Par un courrier, enregistré le 30 mai 2024, l’Ehpad Pélisson Fontanier, représentée par Me Soltner, déclare former protestations et réserves quant à la demande d’expertise sollicitée.
Par un mémoire en défense, enregistré le 7 juin 2024, la société ARB Façades, représentée par Me Joseph, déclare ne pas s’opposer à la mesure d’expertise sollicitée tout en faisant état de réserves de recevabilité et de bien-fondé des allégations et des demandes présentes ou ultérieures susceptibles d’en résulter.
Par un mémoire en défense, enregistré le 11 juin 2024, la société Alpha BTP Ouest et la société Mutuelle d’assurance du bâtiment et des travaux publics (SMABTP), représentées par Me Plas, déclarent, d’une part, que l’expertise visant à déterminer si la garantie dommages-ouvrage est applicable aux désordres déclarés ne relève pas de la compétence de l’expert judiciaire, d’autre part, que le recours de l’assureur n’est recevable que s’il justifie avoir réglé des sommes, et, enfin, que la société Alpha BTP Ouest ayant été mise hors de cause en phase amiable, elle ne devrait pas être concernée par l’expertise judiciaire.
Par un mémoire en défense, enregistré le 14 juin 2024, la société Poulain et la SMABTP, représentées par Me Plas, déclarent, d’une part, que l’expertise visant à déterminer si la garantie dommages-ouvrage est applicable aux désordres déclarés ne relève pas de la compétence de l’expert judiciaire, d’autre part, que le recours de l’assureur n’est recevable que s’il justifie avoir réglé des sommes, et, enfin, que la société Poulain ayant été mise hors de cause en phase amiable, elle ne devrait pas être concernée par l’expertise judiciaire.

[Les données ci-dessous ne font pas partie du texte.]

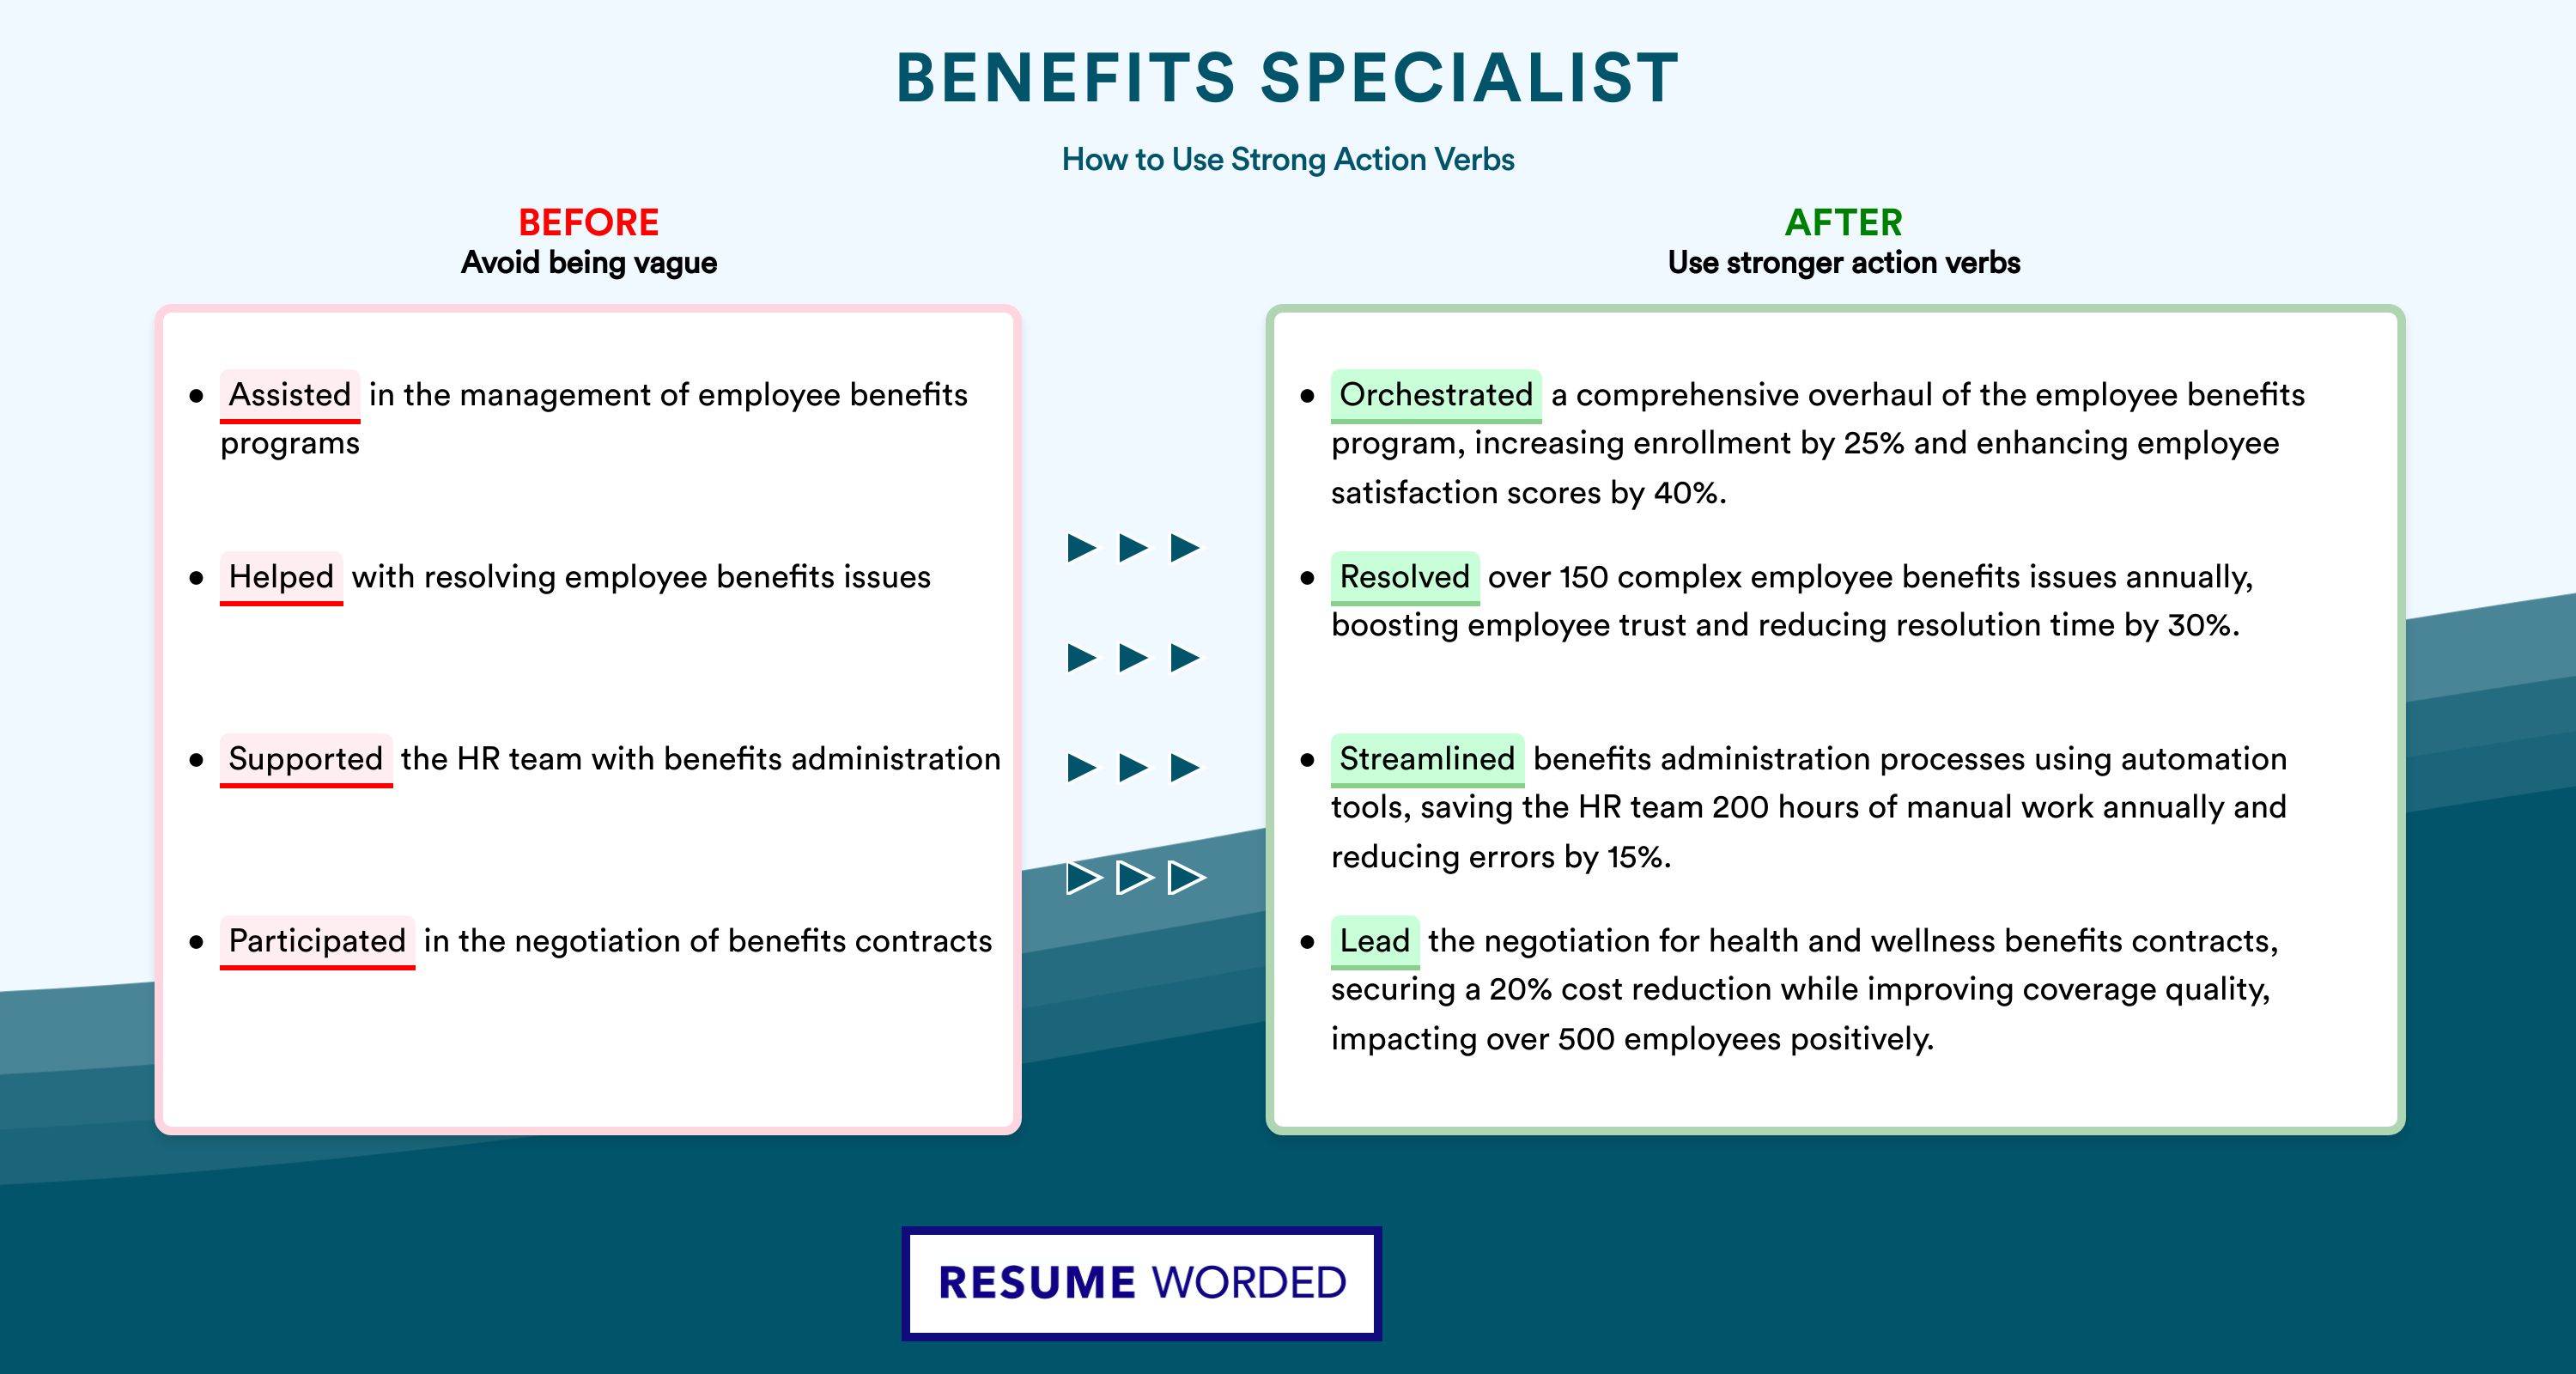 Action Verbs for Benefits Specialist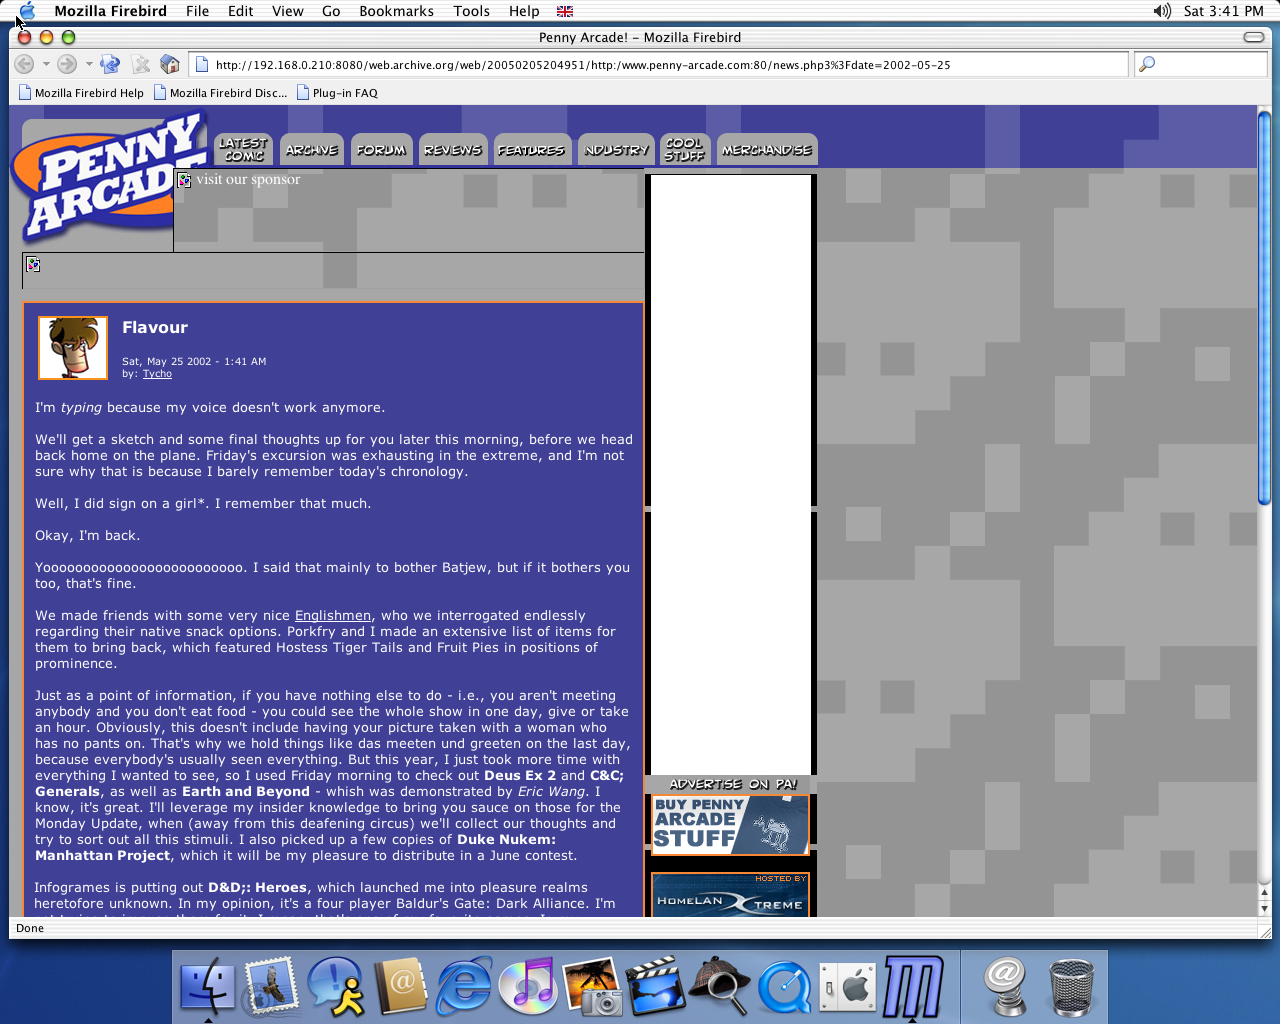 OS X 10.2 PPC with Firebird 0.6 displaying a page from Penny Arcade archived at February 05, 2005 at 20:49:51

Par un mémoire en défense, enregistré le 21 juin 2024, la société Apave Infrastructures et Construction France, venant aux droits de la société Apave Sud Europe, la société Montmirail, défenderesses, et la société Lloyd’s Insurance Company, intervenante volontaire, représentées par Me Marié, demandent à ce que la société Montmirail, courtier en assurance de la société Lloyd’s Insurance Company soit mise hors de cause au motif que seule cette dernière a la qualité d’assureur et de donner acte de son intervention volontaire, et déclarent ne pas s’opposer à la demande d’expertise sollicitée tout en indiquant que cela ne vaut pas reconnaissance de responsabilité. Enfin, la société Lloyd’s Insurance Company précise qu’en qualité de compagnie d’assurance à statut civil, elle ne reconnaît pas la compétence de la juridiction administrative.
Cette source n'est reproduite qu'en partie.